Sherwood tells me, “There are certainly many people with long COVID who refuse to accept it.” She goes on,

Some of the internet hate directed at people who discuss their symptoms is horrible. People tell you, ‘Oh, you’re weak and frail, and it’s all in your brain. And get more exercise and fresh air.’ And there’s almost hatred; it’s not a lot of people. They are most likely a small minority, but they are aggressive. I believe they deny the existence of this illness because they don’t want to think about it. They refuse to believe it. They want to do whatever they want and mingle with large groups of people, so they’d rather pretend it doesn’t exist and criticize those who don’t.


In terms of the actuality of long COVID, despite its detractors, it stands to reason that someone infected with a very inflammatory disease will experience long-term nervous system difficulties. As with fibromyalgia, the validity of long COVID has been called into question. After years of lobbying and advancements in neuropathy, the theory that nerve fibers and brain inflammation are connected is more accepted. There are those who believe that fibromyalgia is an “imagined” condition and do not believe it is a “real” condition.

Sherwood claims that her country was unprepared for the possibility of long-term consequences. “There was no planning for the possibility that people would still become ill. It was either you died, ended up in the hospital, or got better. There was no other option. We were not prepared for the morbidity aspect.”

“I believe it is critical that people with long COVID who are disabled by it be recognized as disabled.” Some in the UK want COVID to be recognized as an occupational illness, says Sherwood.

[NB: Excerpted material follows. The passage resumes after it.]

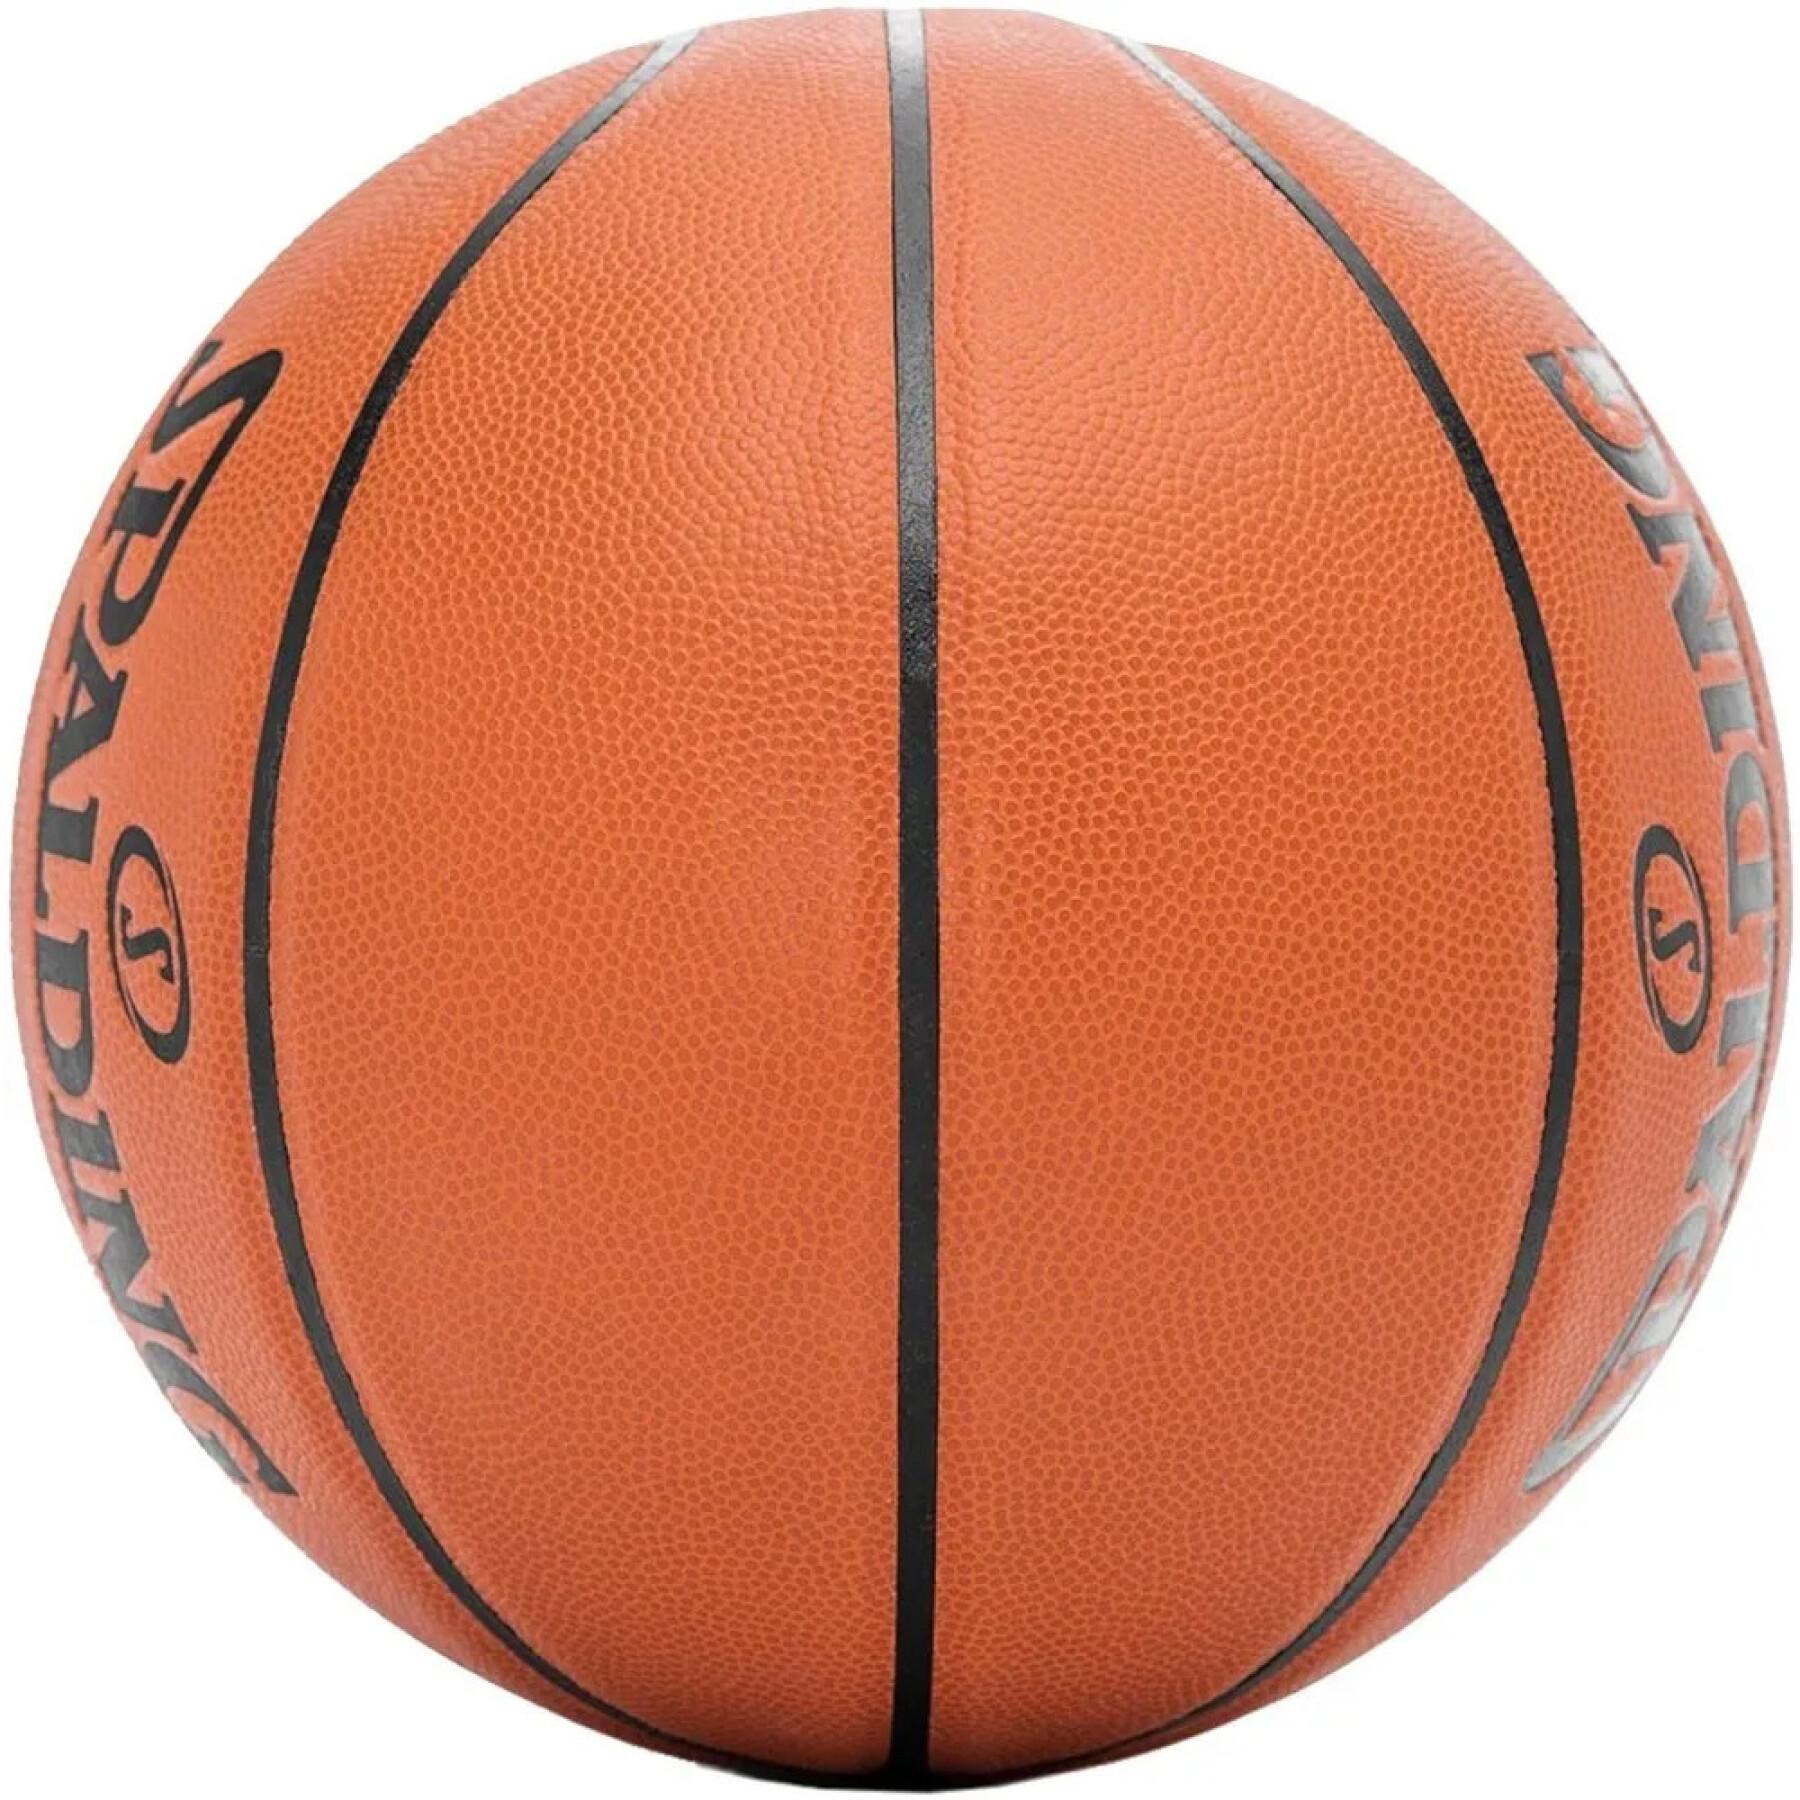 Basketbal Spalding React TF-250 Composite

Long COVID is an occupational illness. People who have caught COVID at work are losing their jobs. The issue is that people who are not completely disabled can’t return to work. Depending on what their job was. Some people can return to work part-time, but if their jobs are physically demanding or require long hours, it’s difficult. People have lost jobs and doctors and need help. Sherwood tells me that “some people may have much milder symptoms, but it still has an impact on their lives.”

It’s work or starve for the working class, who must always have their own steady income, either their own or that of a dependent (parent, spouse, or child). Lockdowns force workers to choose between eviction, losing health care benefits, starving, or spreading disease. A long illness and disability pose a risk to the work discipline required of workers under capitalism.

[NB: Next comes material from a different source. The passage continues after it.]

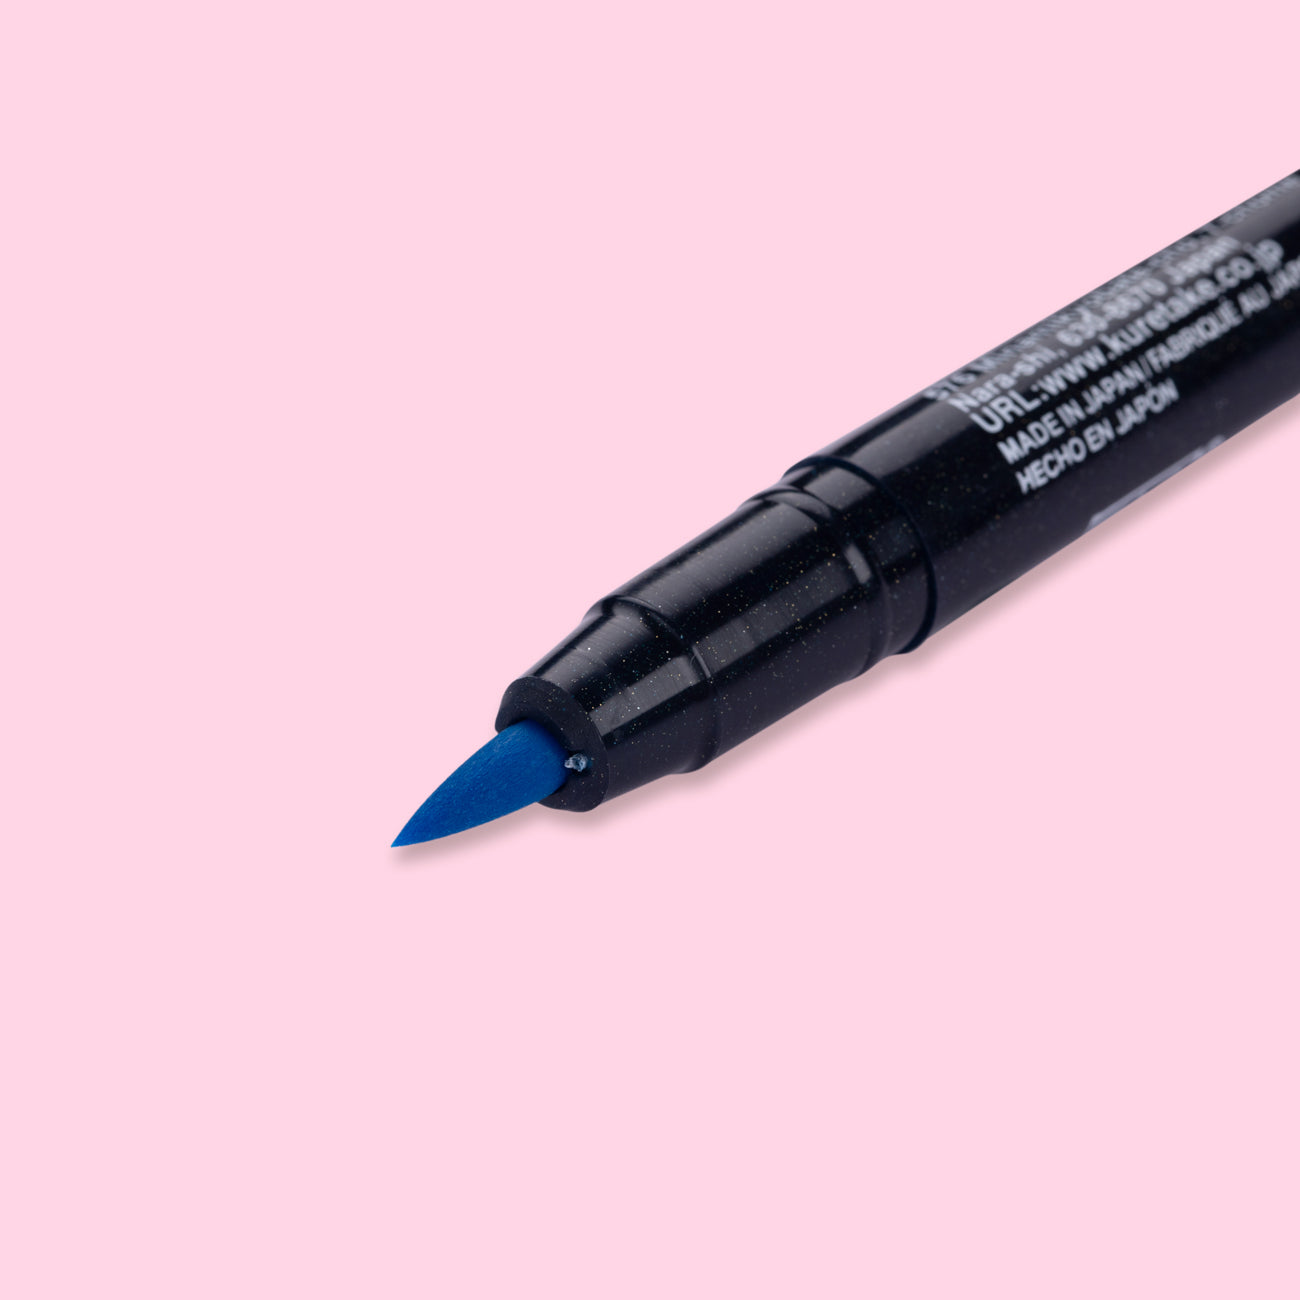 Kuretake  Buy Kuretake Brush Pens & More Online in Australia

Care work is undervalued and unstable, which will have long-term effects. Since care work is feminized, it is underpaid and precarious, performed by low-wage immigrant workers in the gig economy who face widespread harassment, violence, and wage theft. According to Sarah White Kimmerle, capitalism is “hampered by both capitalism’s dependence on women’s domestic work as well as their undervalued care work and often precarious part-time employment” and the “sexist ideas that persist and ensure the gendered division of labor is reproduced over and over again.”

The crisis of care has been described by writers such as Gabriel Winnant as the result of austerity and deindustrialization, which have been exacerbated by the rapidly aging population. In the middle of a global epidemic and a healthcare crisis, at a moment when our society should be investing in recruiting more healthcare workers, “many nurses have been laid off, while billionaires grew their fortunes to the tune of $1 trillion.”

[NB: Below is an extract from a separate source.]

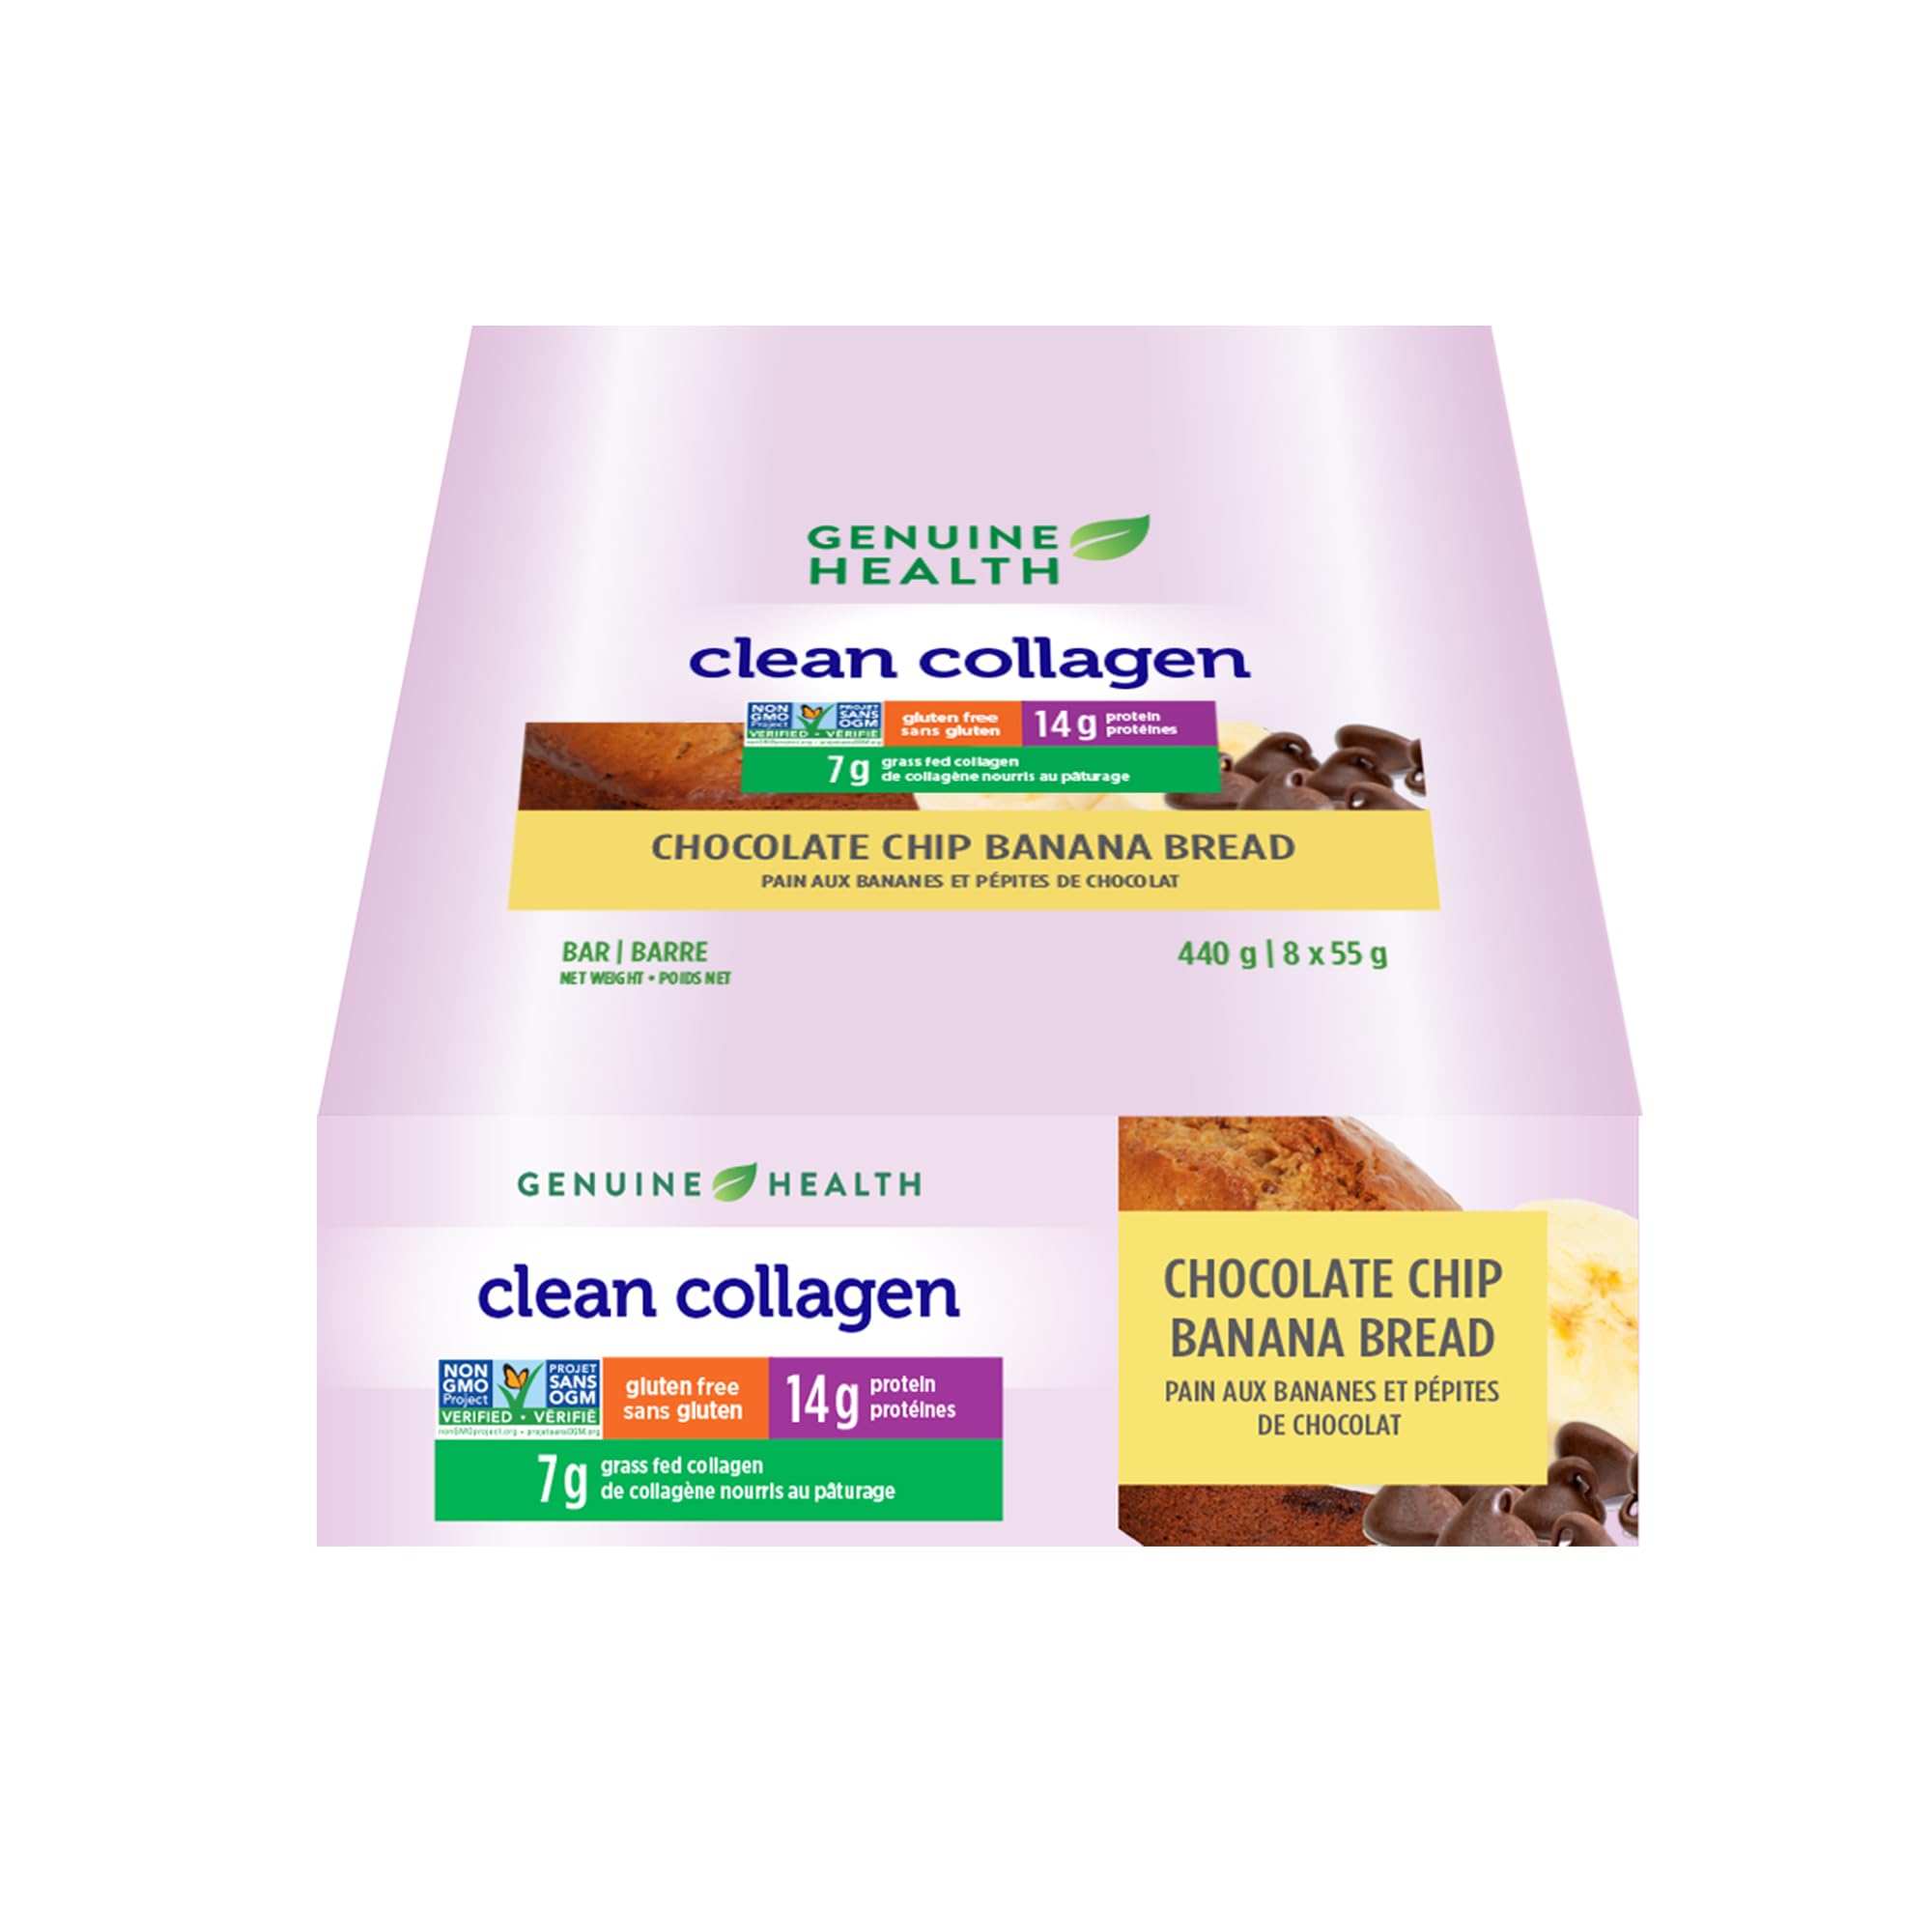 Clean collagen (pain au bananes/pépites de chocolat) 8x55g

A person’s actions encourage the illness to spread and mutate further when they say things like “I’m unwell, but I have to go to work,” or “my job puts me at danger, but I can’t afford to lose it,” or “I had to take care of a loved one who is sick, but I have no paid leave.” They are also putting the lives of individuals they care about in jeopardy. But they don’t have much of a choice.

People are eager to go back to normal, whether it’s because of the economy, inflation, masks, or they think the COVID vaccine shields them from all variables. But it is impossible for life to go on normally with long COVID transmission becoming normal. This is not an endemic, but a policy failure. As long as we hold firm to the notion that risk is individual, not shared, we will never get out of this pandemic.